A decorative version of biological control is carnivorous plants. I have seen this from time to time. Unfortunately, it is doubtful how effective this method is. There are a number of different species, such as Venus Flytrap. If they are potted plants that are otherwise appreciated, they have at least no negative effect. Unfortunately, they only have an effect on the gnats, not the larvae.

 

A more effective method of biological control is nematodes. The nematode ‘Steinernema feltiae’ fights fungus gnats with 85% in mushroom cultivations. The nematode 'Steinernema carpocapsae' also works well. There is also a predatory mite, 'Hypoaspis miles', and a bacterium, 'Bacillus thuringiensis var. israelensis', available which are comparable to the nematodes in effectiveness.

 

For small-scale farmers, there is a nematode available in suitable packaging.
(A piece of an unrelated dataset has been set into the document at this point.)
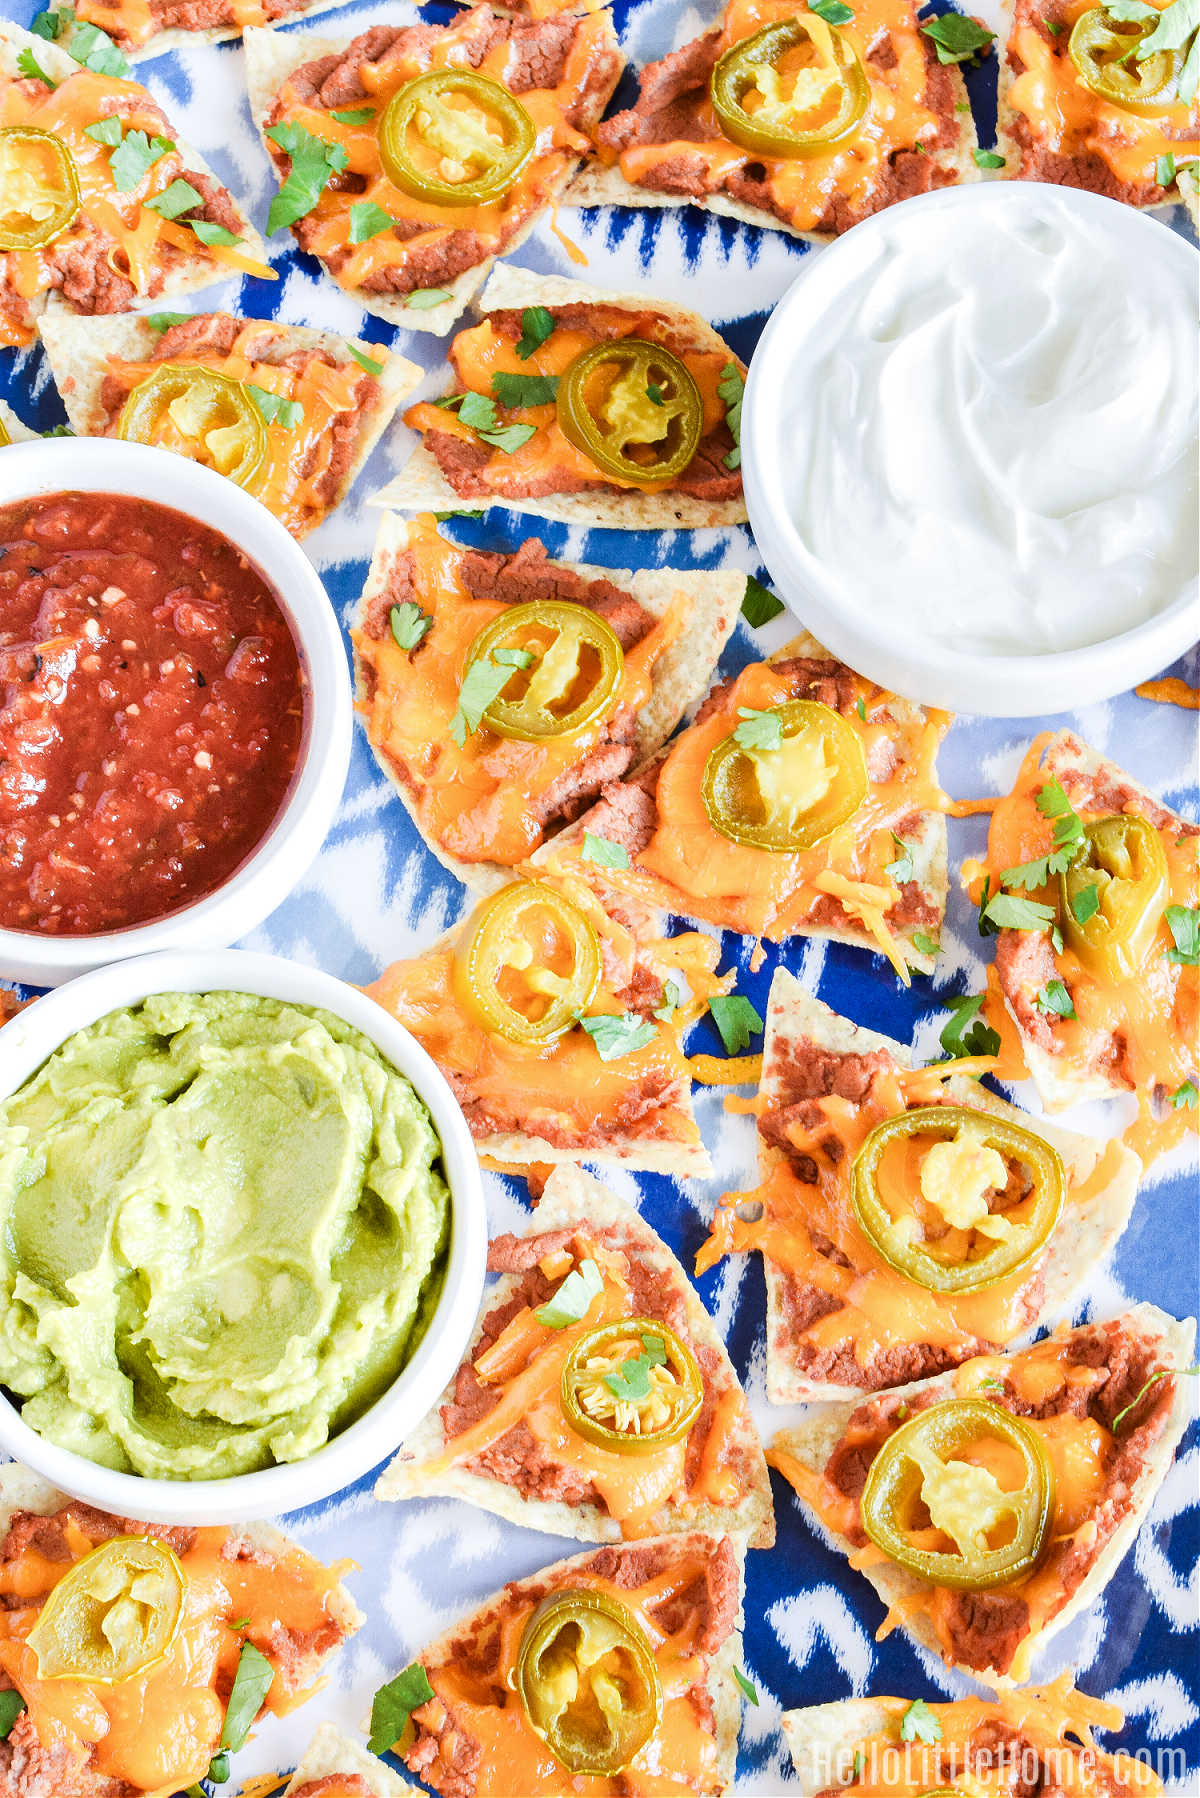 A large tray of the easy nachos recipe served alongside bowls of toppings.

The nematode ‘Steinernema feltiae’ and the product is called NemaBlom. The packages cost around 10€ each and can be bought in well-stocked flower shops and can also be ordered on the Internet. The packaging is stored in a refrigerator and then has a shelf life of about 1 year. If the packaging is stored at room temperature, the shelf life is only 3 months. They must not freeze, be exposed to sunlight, dehydration, or temperatures above 30 degrees, then the nematodes die. The nematode is thus a living organism that literally eats up the larvae.

 

It is easy to treat with nematodes. All pots to be treated should already have moist soil, so do not treat dry soil. Then empty the contents of the bag in 1 liter of cold water and water a smidgen in each pot. Of course, it depends on how big the pots are, but it is estimated that one bag is enough to treat about 20 normal-sized potted plants. As long as there are larvae left, the nematodes continue to feed on the larvae. About 2 weeks after treatment, all gnats and larvae should be gone.

 

SUMMARY

  • Always sterilize the soil you are sowing in and transplanting little seedlings in.
  • Put sticky fly-traps over seedlings to keep track.
  • Keep nematodes at home on standby.
  • If possible, have seedlings in a room where it is over 22 degrees Celsius.
  • Water from below to keep the surface of the soil dry. Possibly put sand on the surface.